Proving that block diagonal matrix is orthogonal if its entries in the main diagonal are orthogonal matrix.

Question

Show that if $A,B$ are two orthogonal matrix then the block matrix $$P=\begin{pmatrix} A & 0 \\\ 0 & B \end{pmatrix}$$ is orthogonal.

Answer 1

Hint: Note that $$ {}^{\mathrm t\mkern-2mu}P=\begin{pmatrix} {}^{\mathrm t\mkern-2mu}A & 0 \\\ 0 & {}^{\mathrm t\mkern-2mu}B \end{pmatrix}$$ and use product by blocks.

Answer 2

Let

$A:V \to V$ and $B:W \to W$. The corresponding block diagonal matrix is exactly $(A \oplus B):V \oplus W \to V \oplus W$.

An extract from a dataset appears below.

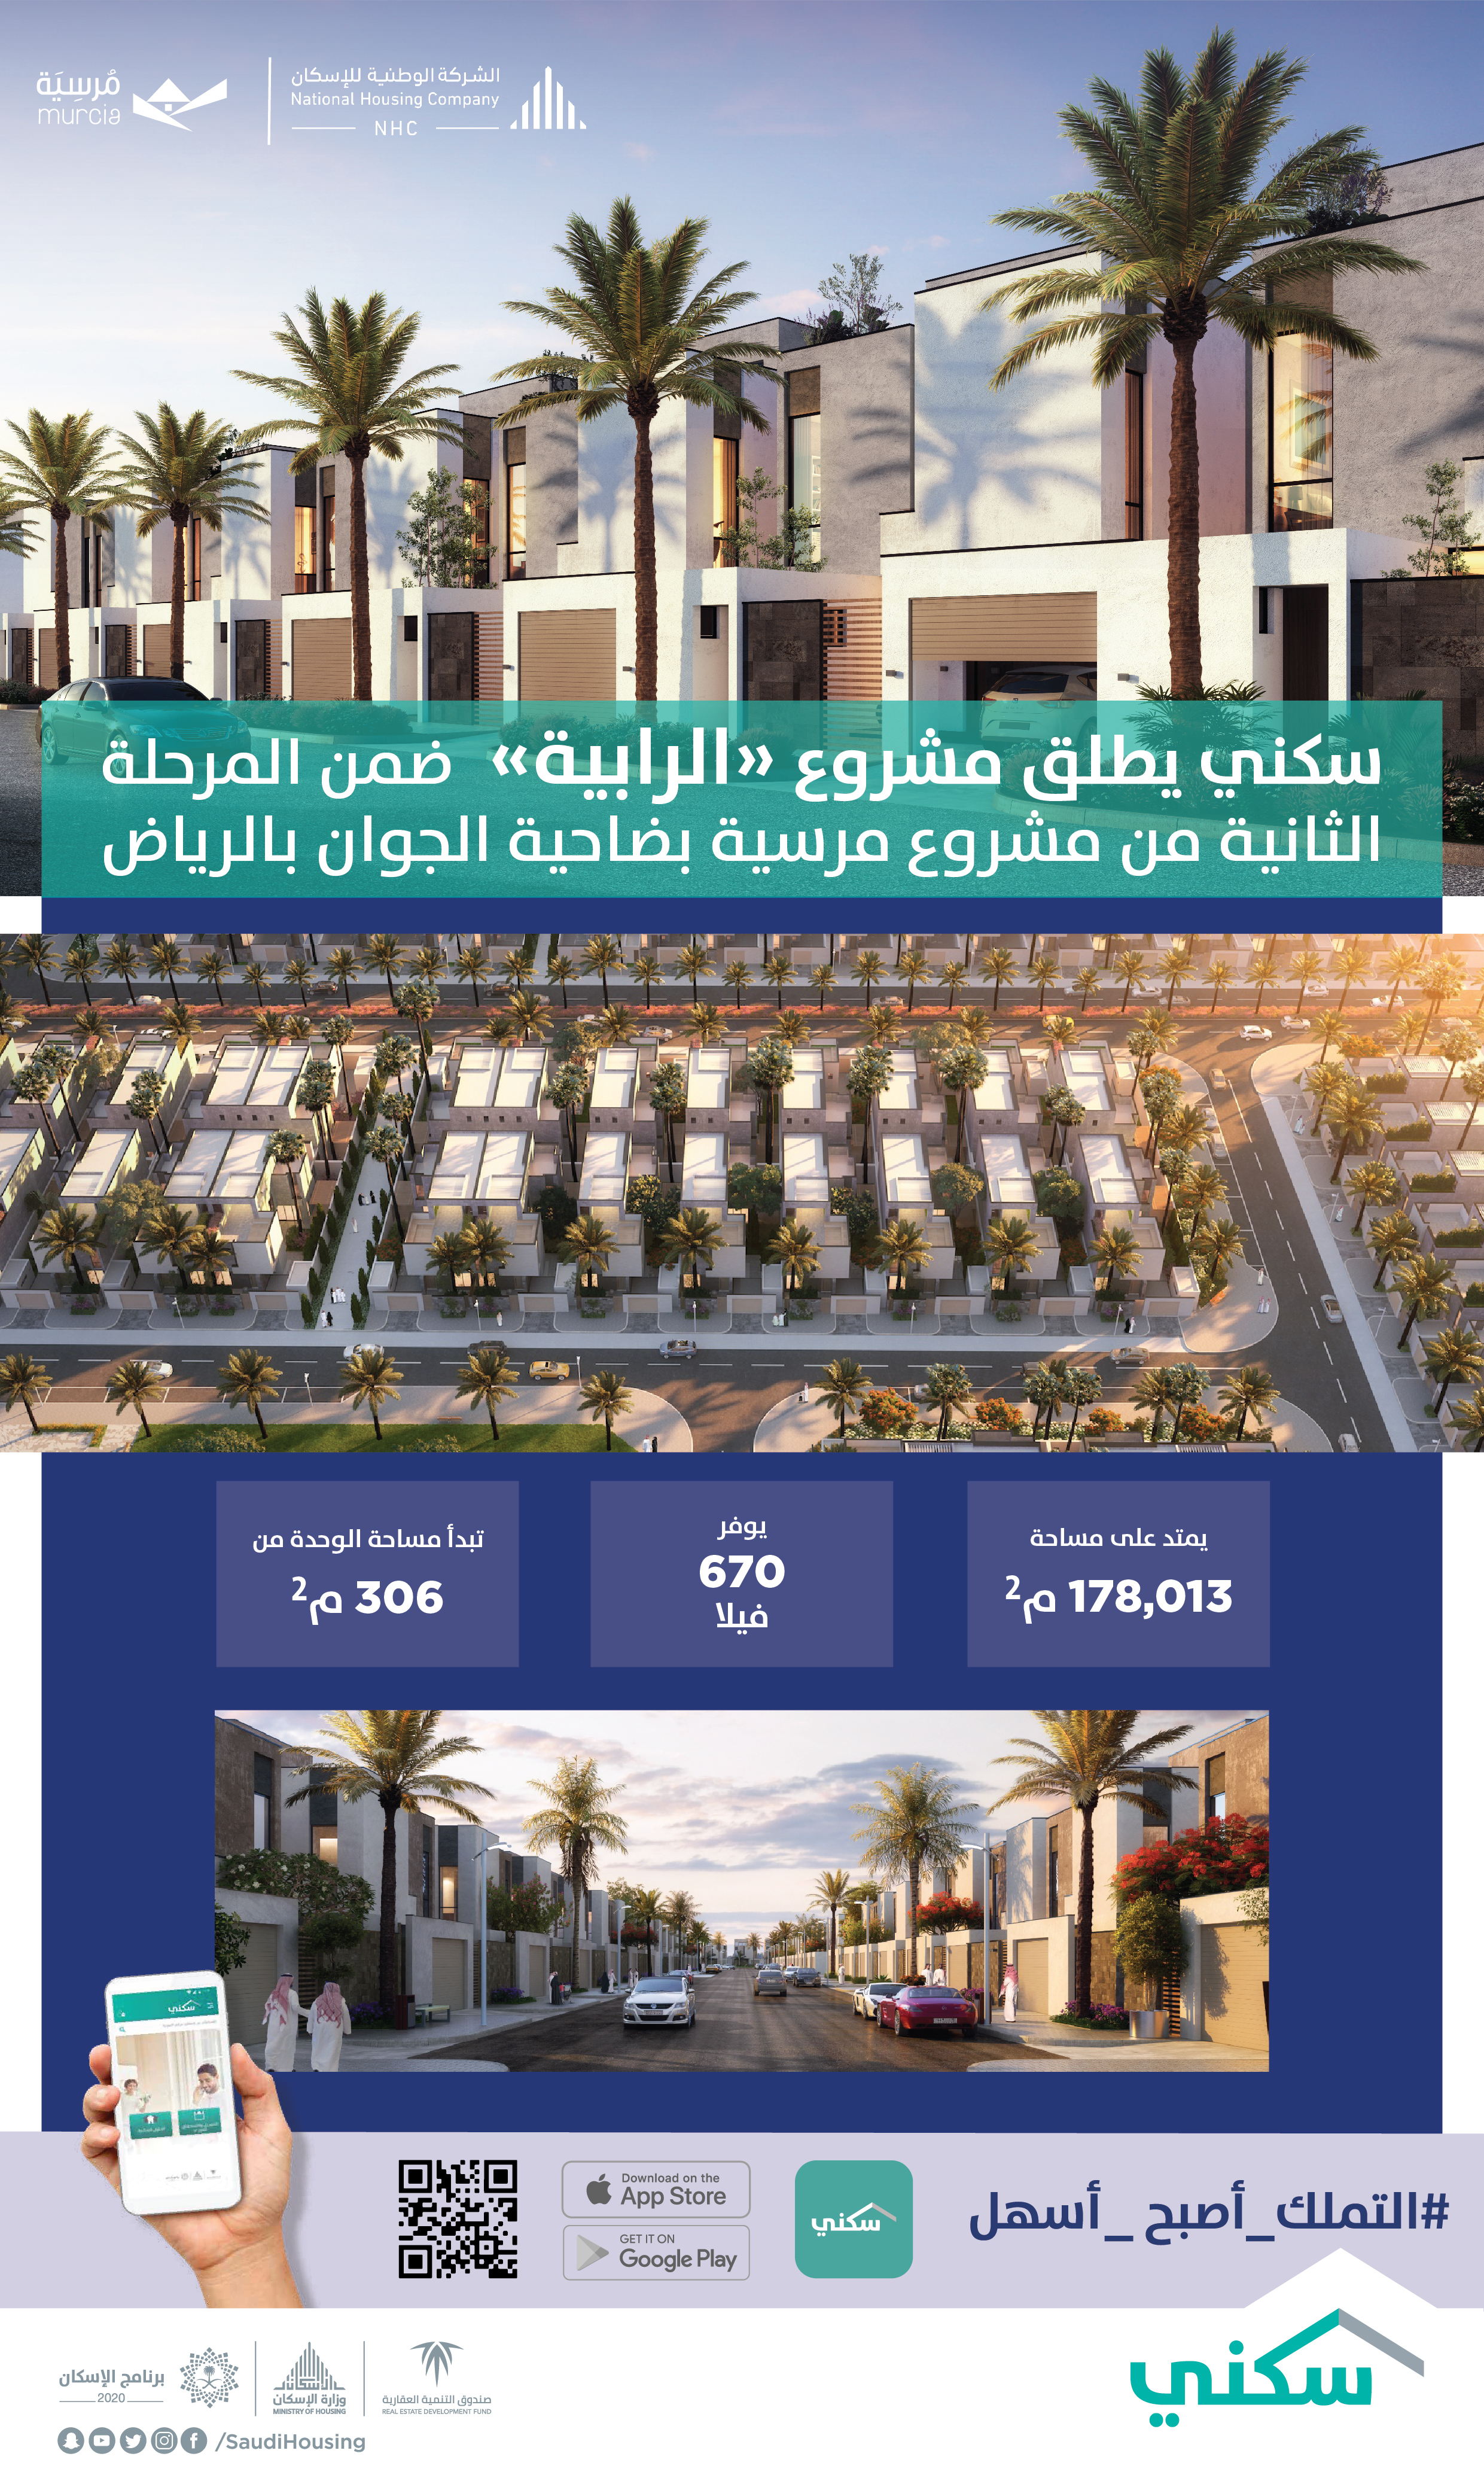 "الوطنية للإسكان" تُطلق مشروع "الرابية" السكني بعدد 670 فيلا شمال الرياض
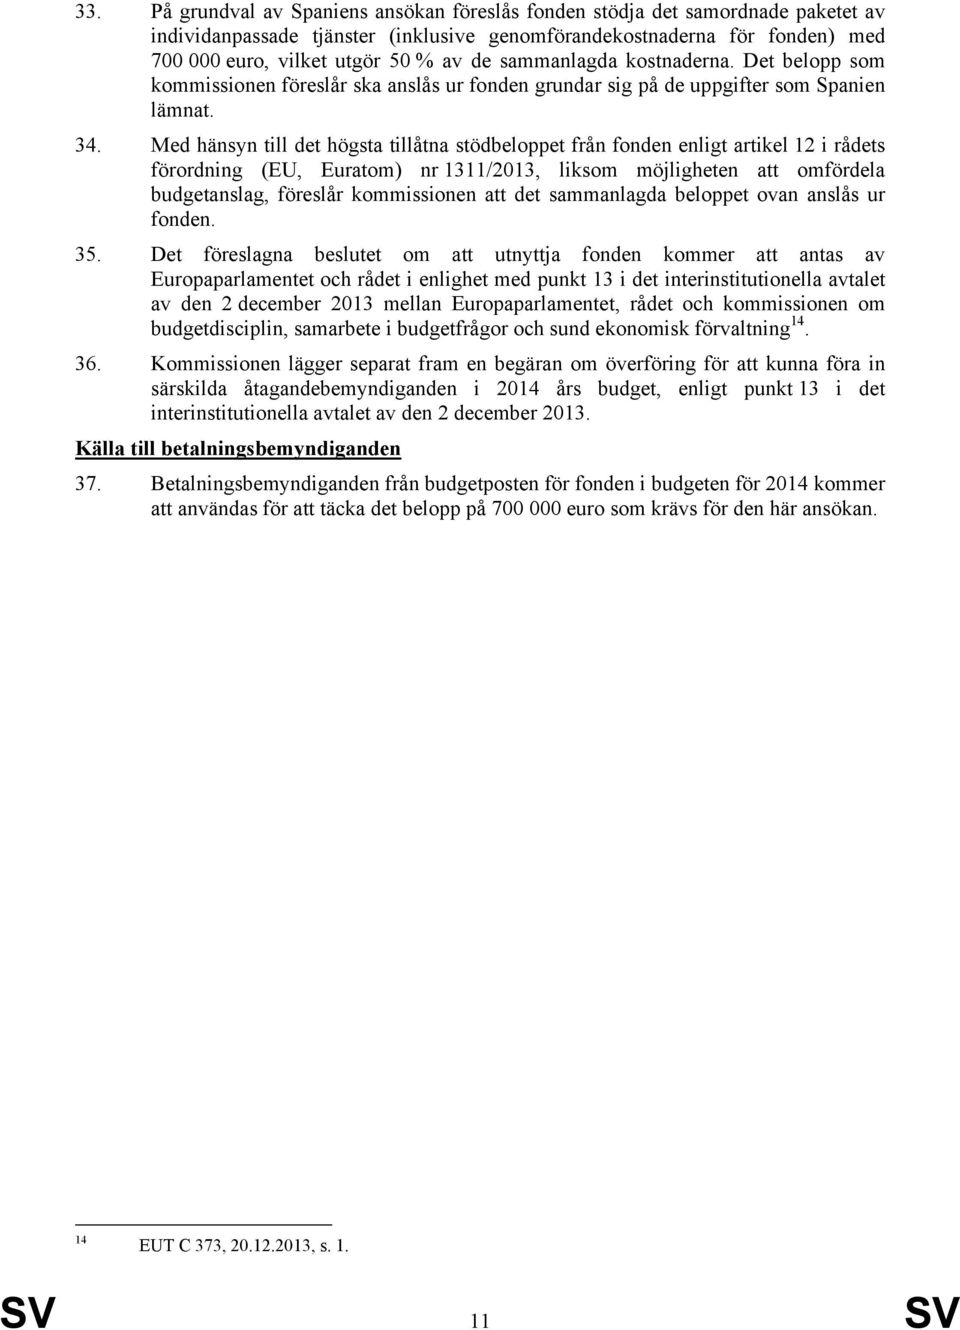 Med hänsyn till det högsta tillåtna stödbeloppet från fonden enligt artikel 12 i rådets förordning (EU, Euratom) nr 1311/2013, liksom möjligheten att omfördela budgetanslag, föreslår kommissionen att

Hence, we have that the transpose is the matrix representation of the dual, so

$$\mathrm{Hom}(V \oplus W,k) =(V \oplus W)^* \cong(V^* \oplus W^*)$$ where the last isomorphism is the standard one used for $\mathrm{Hom}$, induced by restriction, so they have the same matrix representation. Hence,

$I_{V \oplus W}=I \oplus I=(AA^*) \oplus (BB)^*=(A \oplus B) \circ(A^* \oplus B^*) =(A \oplus B) \circ(A \oplus B)^*$